An alternative separator parameter can be passed in the request if clients wish to use a separator string
other than the default of the ampersand.
Example:
PUT /emails/_bulk?refresh
{ "index" : { "_id" : 1 } }
{ "accounts" : ["hillary", "sidney"]}
{ "index" : { "_id" : 2 } }
{ "accounts" : ["hillary", "donald"]}
{ "index" : { "_id" : 3 } }
{ "accounts" : ["vladimir", "donald"]}
GET emails/_search
{
"size": 0,
"aggs" : {
"interactions" : {
"adjacency_matrix" : {
"filters" : {
"grpA" : { "terms" : { "accounts" : ["hillary", "sidney"] }},
"grpB" : { "terms" : { "accounts" : ["donald", "mitt"] }},
"grpC" : { "terms" : { "accounts" : ["vladimir", "nigel"] }}
}
}
}
}
}In the above example, we analyse email messages to see which groups of individuals have exchanged messages.

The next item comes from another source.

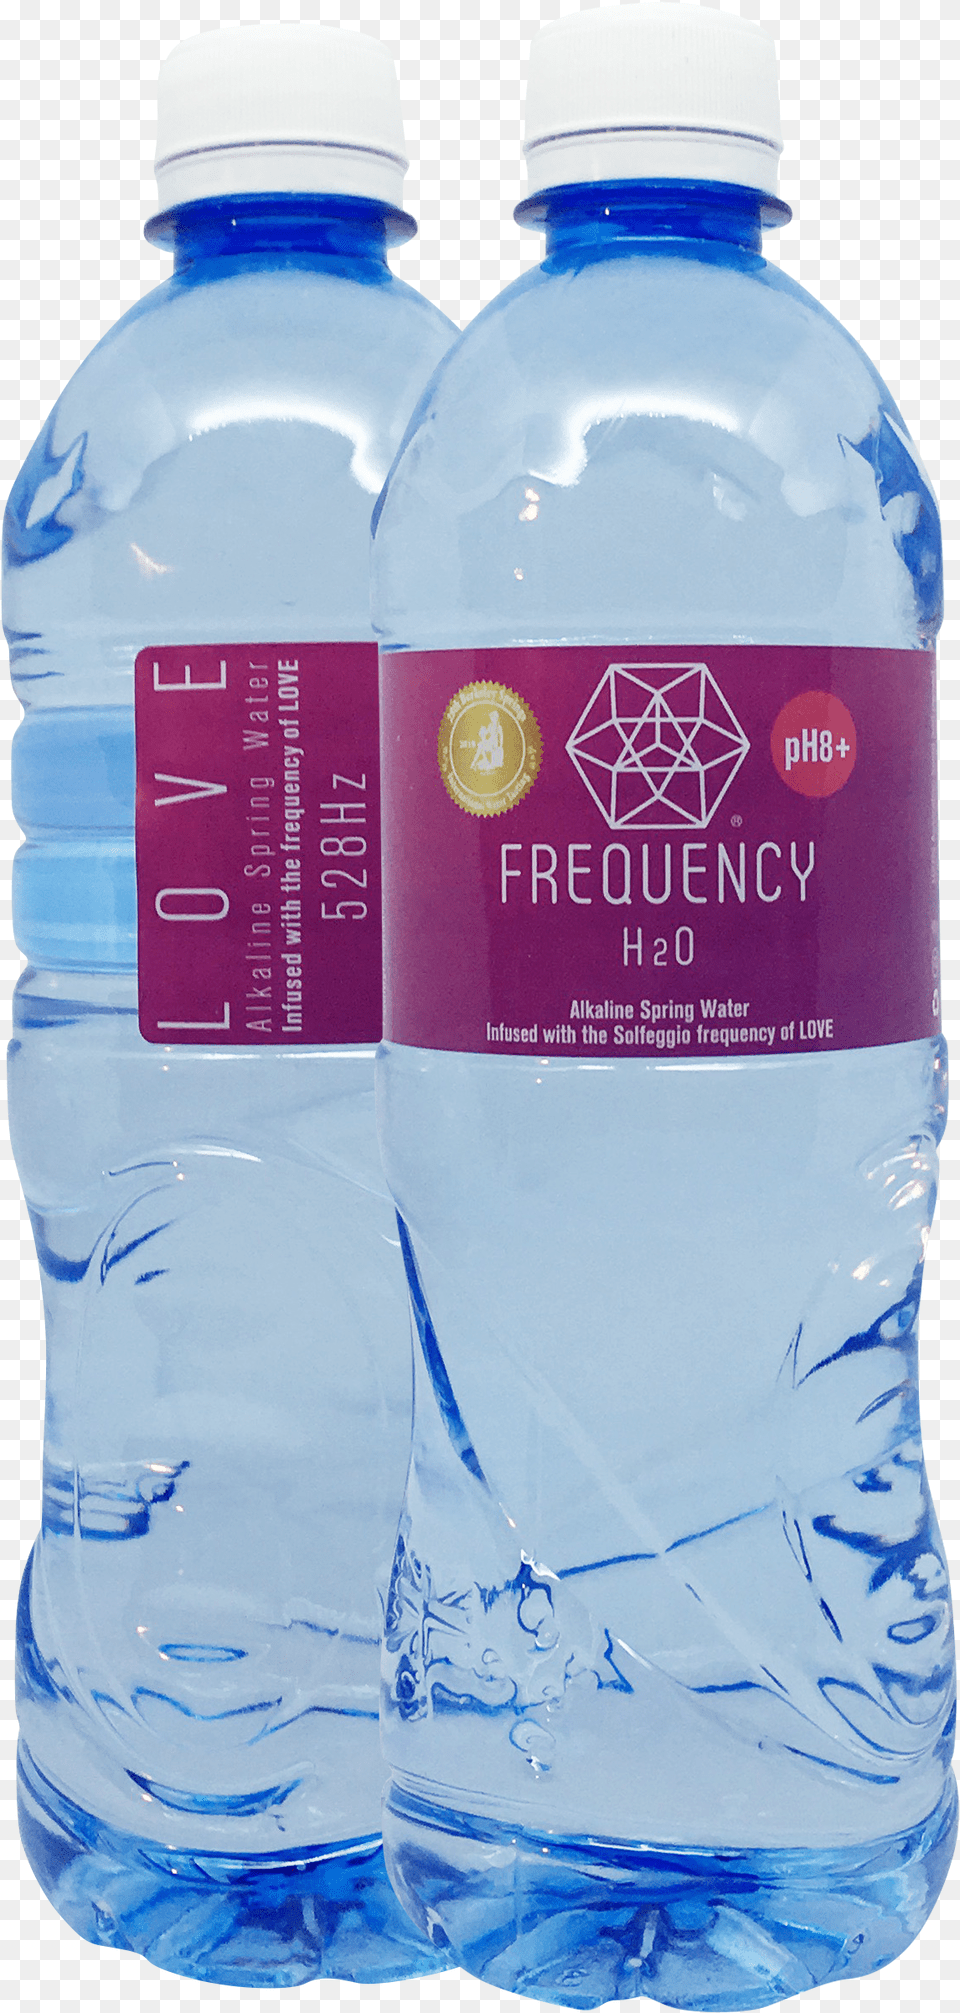 Love Frequency 21 X 600mlclass Lazyload Lazyload Frequency H2o Alkaline Spring Water Love, Beverage, Bottle, Mineral Water, Water Bottle Png

We will get counts for each group individually and also a count of messages for pairs of groups that have recorded interactions.
Response:
{
"took": 9,
"timed_out": false,
"_shards": ...,
"hits": ...,
"aggregations": {
"interactions": {
"buckets": [
{
"key":"grpA",
"doc_count": 2
},
{
"key":"grpA&grpB",
"doc_count": 1
},
{
"key":"grpB",
"doc_count": 2
},
{
"key":"grpB&grpC",
"doc_count": 1
},
{
"key":"grpC",
"doc_count": 1
}
]
}
}
}On its own this aggregation can provide all of the data required to create an undirected weighted graph.
However, when used with child aggregations such as a date_histogram the results can provide the
additional levels of data required to perform dynamic network analysis
where examining interactions over time becomes important.